I wish I had taken pictures when I had the greenhouse...If I had, I could show you just what they look like.


----------



## jpmcgrew (Jul 31, 2007)

I run a fan in the green house in the day and bugs have never been a problem no bugs at all (seriously no bugs) the containers are the same size Ive always used the tomatoes dont seem to suffer but the leaves concern me indicating a problem.Im thinking since I cut off the bushy leaves maybe plants dont need as much water .I just dont know.I am not a garderner but I have always been lucky with the tomatoes I grow them from seeds.


----------



## kadesma (Jul 31, 2007)

JP,
I think this must be happening all of the country. MY son here in California is having the same trouble and I have two plants doing it as well. At first I thought nematodes but they all would go belly up so I'm not sure at all..I may go ask at the nursery if I get the chance..But, next year, they are for certain going into a new spot in the garden.
kadesma


----------



## expatgirl (Aug 1, 2007)

If the leaves are yellow and the veins are green, however, then they are low in iron which you can buy in any garden shop and dilute accordingly.  Hope you find what the problem is---tomatos are nearly the price of oil in my home state. so good luck!


----------



## Barb L. (Aug 1, 2007)

Mine are doing the same, I just pull them off and hope for the best.  Iam getting my cherry tomatoes though.


----------



## YT2095 (Aug 1, 2007)

yellow leaves is a sign of Magnesium deficiency, give them some Epsom salts (MgSO4).
and don`t forget to feed with High potash food at least once a week when in flower and fruiting.


----------



## Jeekinz (Aug 1, 2007)

Do you mean the bottom foliage toward the roots or underneath all the leaves are brown?

The bottom most foliage on my plants dies out but the plant is still healthy and produces tomatoes.

This is my first year growing grape tomatoes.

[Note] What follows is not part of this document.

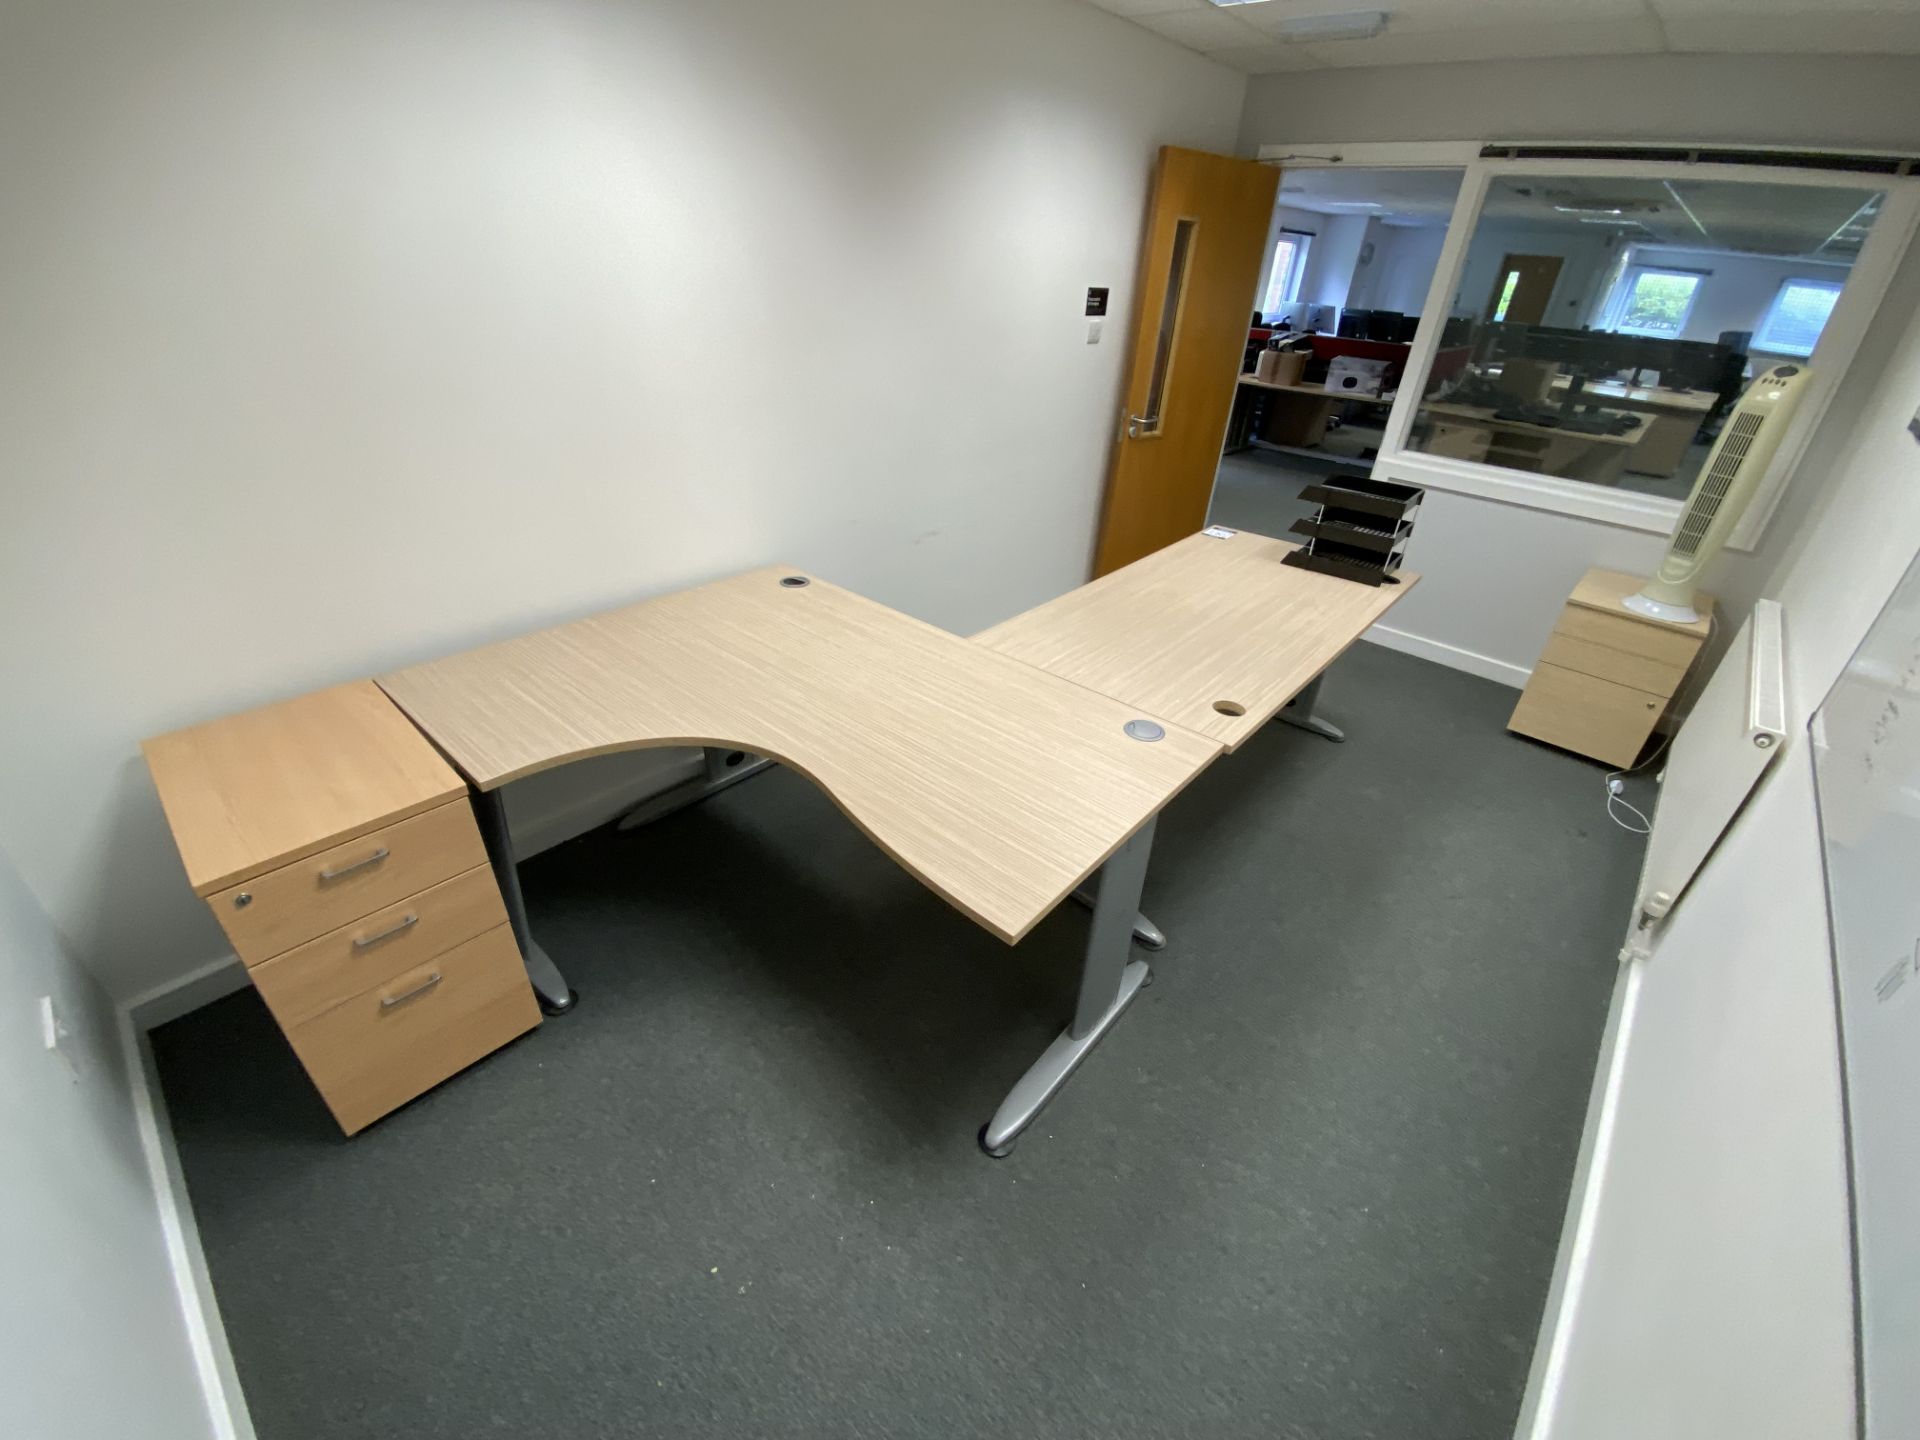 Lot comprisng: one corner desk, one rectangular desk & two 3 drawer high pedestals

The plant I have has 3 main trunks, one of the trunks is growing pretty tall while the other two just seem to get real dense foliage on the tops. Any ideas? 

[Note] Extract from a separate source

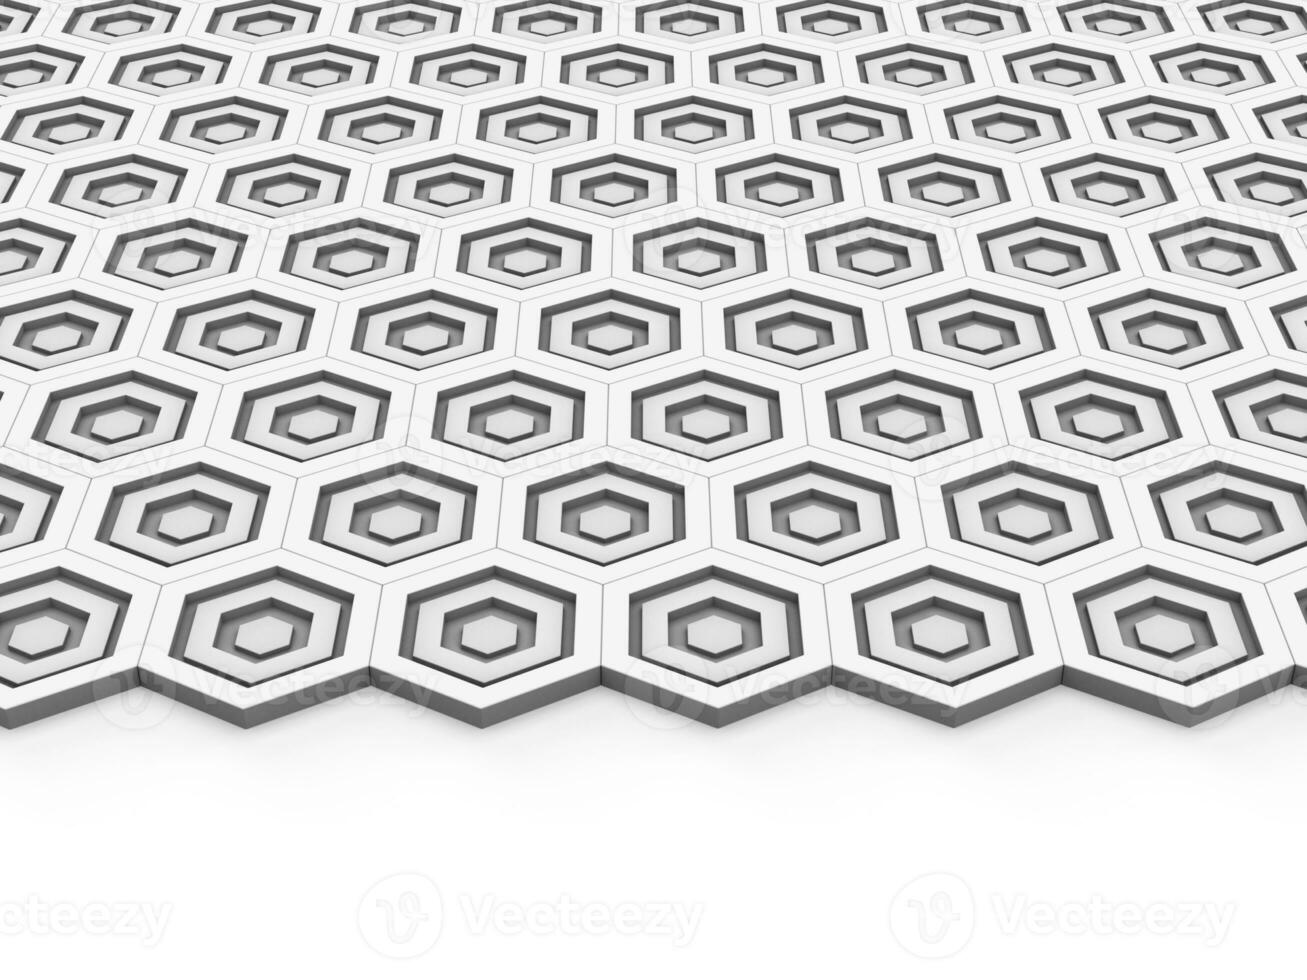 Hoi tech abstract wit zeshoek vormen achtergrond foto

Here's my Romas, Jersey Tomatoes and Bell Peppa's.  Big difference from last year after relocating to a differnt area in the yard.


----------



## YT2095 (Aug 1, 2007)

dense foliage and no fruit is often indicative of High Nitrogen local to that root ball, harmless but it will need shocking into producing fruit, and the way you do that is get Very cold water in a watering can and water the foliage on a hot day (but never in direct sun).

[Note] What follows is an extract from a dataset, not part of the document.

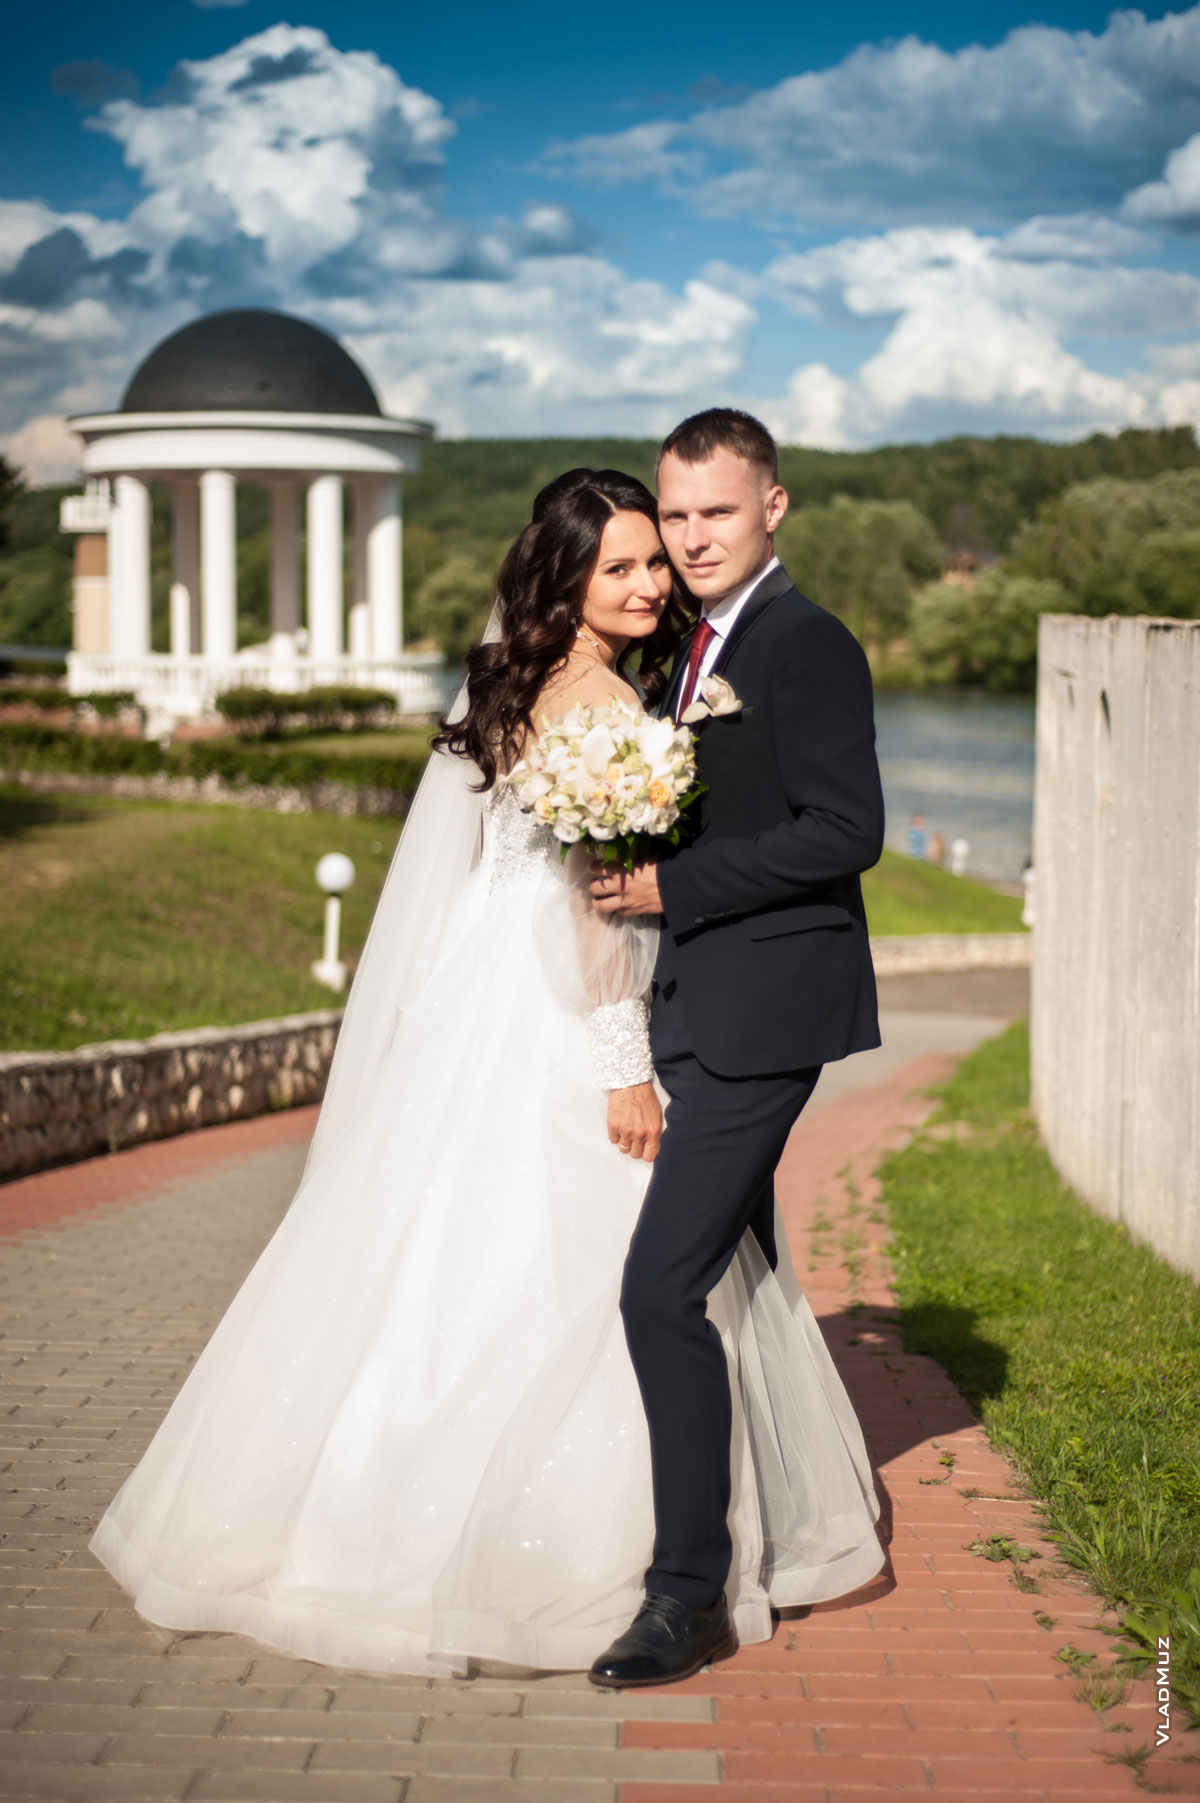 Фотопортрет свадебной пары в полный рост на фоне ротонды и синего облачного неба

a week later you should start getting flowers, then it`s time for high potash feeds.


----------



## jpmcgrew (Aug 1, 2007)

I just noticed some of the top leaves are yellow and wilting.I will double check for bugs just to make sure.ARRGH


----------



## Jeekinz (Aug 1, 2007)

Thanks YT, I'll try that tonight.  What do you recommend for "high potash feeds"?


----------



## YT2095 (Aug 1, 2007)

sulphate of potash (K2SO4), nitrate of potash (saltpetre, KNO3), BBQ ash is good too! but not too much in one go, dilute it first.

if you have the Chempack range there #8 is a good one, or just use any proprietary tomato/chili food liquid also, and follow the instructions.


----------



## Jeekinz (Aug 1, 2007)

Yeah....I got "BBQ" and "Tomato/chili food" outta that. 



....I'll look for the tomato food.


----------



## jennyema (Aug 1, 2007)

*I've got the yellow leaf thing going on, too.* 

Cut them off!

I have 18 plants going, with loads of fruit.  My cherries and grapes are ripe and my romas are almost there.  One other plant is ripening too, but I don't like the texture of the fruit (mealy).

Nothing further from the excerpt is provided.